Data Engineering

Reverse ETL is only a portion of the solution

Puneet Jagralapudi
December 19, 2021

The past few years have seen a phenomenal evolution of data infrastructure. Increasingly, cloud technologies have been dominating the data landscape. According to research, about 50% of all business data is stored in the cloud, and this number is only growing.

Availability of platforms like Snowflake and BigQuery have helped standardize the way data engineering is done, and though some terms like “Modern Data Stack” have reached buzzword status, the momentum behind such approaches is undeniable.

Source: Twitter (@soobrosa)

However, there still exist major gaps in being able to use that data to run business operations. In this post, we’ll take a look at challenges that remain, and some of the emerging solutions.

The “Glue” Layer: Data Integration

“Modern” or not, data integration is a key component within any data solution. Data integration is the process of getting data in (and now out) your data warehouse, so that it can be put to use.

This used to be primarily in one direction, from data sources like transactional systems, SaaS apps, and other operational systems into a centralized data warehouse or data lake. using ETL (Extract, Transform, Load) tools or, more recently, EL tools like Fivetran and AirByte to perform batch ingest of data and using the data warehouse for transformations.

A Vendor-Specific Modern Data Stack (source: Sequoia Capital Medium Blog)

Using data for business operations

While this approach of using data warehouses are a centralized repo is great for reporting and analytics, putting that data to use to run your operations remains an issue.

For example, you might have a churn prediction model built in BigQuery tying together all of your customer touch points, but triggering personalized outreach for high risk customers or alerting customer success teams to execute a customer retention playbook off that model requires additional plumbing.

You can check out other use cases highlighted in the graphic below:

Examples of operational use cases for data (source: Census blog)

The Reverse ETL Landscape

Reverse ETL tools are vying to fill this gap, and 2021 saw multiple Reverse ETL vendors such as Census and Hightouch announce sizable funding rounds.

Reverse ETL Landscape (source: Memory Leak Medium Blog)

We have also seen BI platforms like Looker, Integration Platform (iPaaS) vendors like Workato and tray.io, as well as Customer Data Platforms (CDPs) like rudderstack jump on this bandwagon to help power operations with data.
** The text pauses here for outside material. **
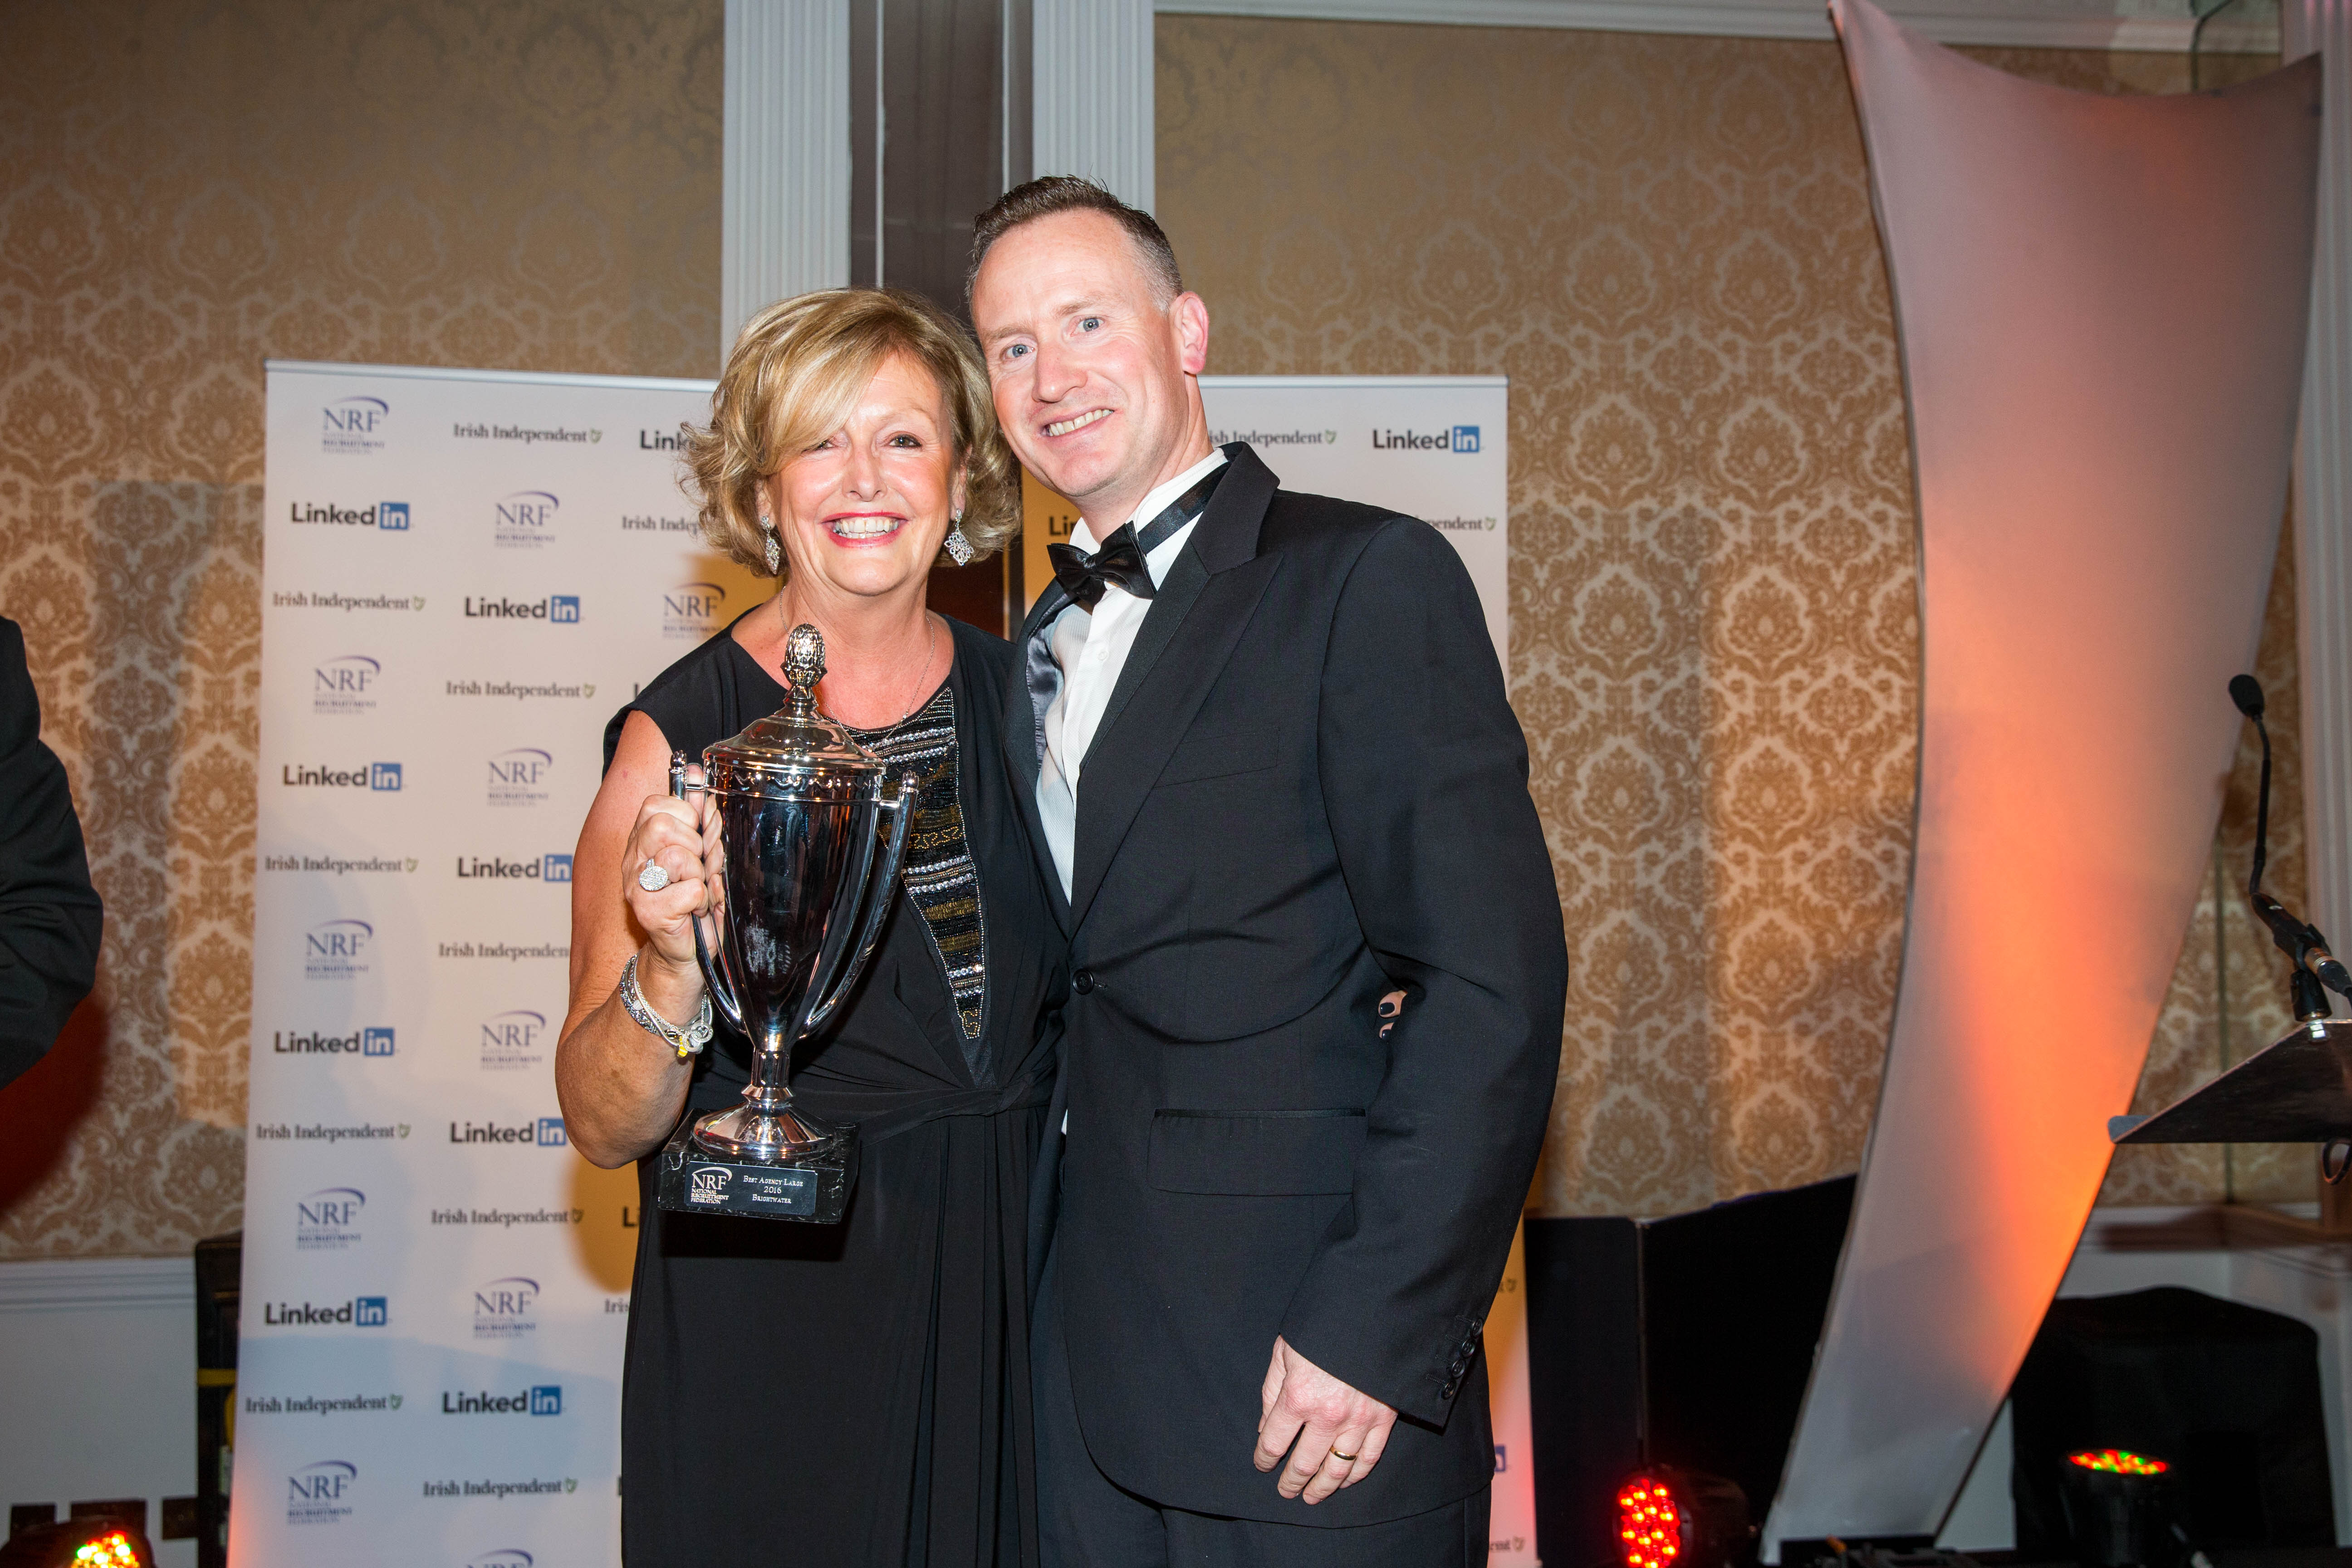 Barbara McGrath, MD & John O'Donnell at the NRF Awards

Even vendors like Airbyte who have primarily played in the ELT space now have Reverse ETL as part of their roadmap.

Unaddressed Gaps

While they are great steps in the right direction, there’re still pieces missing.

Unlike data analysts, operational teams aren’t in the business of wading through data. A Digital Marketer is trying to generate more MQLs and SQLs, and data is simply the means to getting there. Similarly, back office teams are trying to execute on specific business workflows, and while data can help, more data doesn’t necessarily help them.

That workflow and decision automation layer becomes critical when trying to solve for operational use cases.

What Comes Next?

We expect the Reverse ETL landscape to evolve as they go deeper into specific operational workflows.

We are already seeing vendors starting to specialize on teams and use cases (eg: Reverse ETL for digital advertising). Hightouch Audiences for example has a workflow component baked in, and it clear that they’re targeting the traditional CDP market with a modern data stack approach.

Lots more yet to be done, but certainly feels like the right step in the direction of data-driven workflows.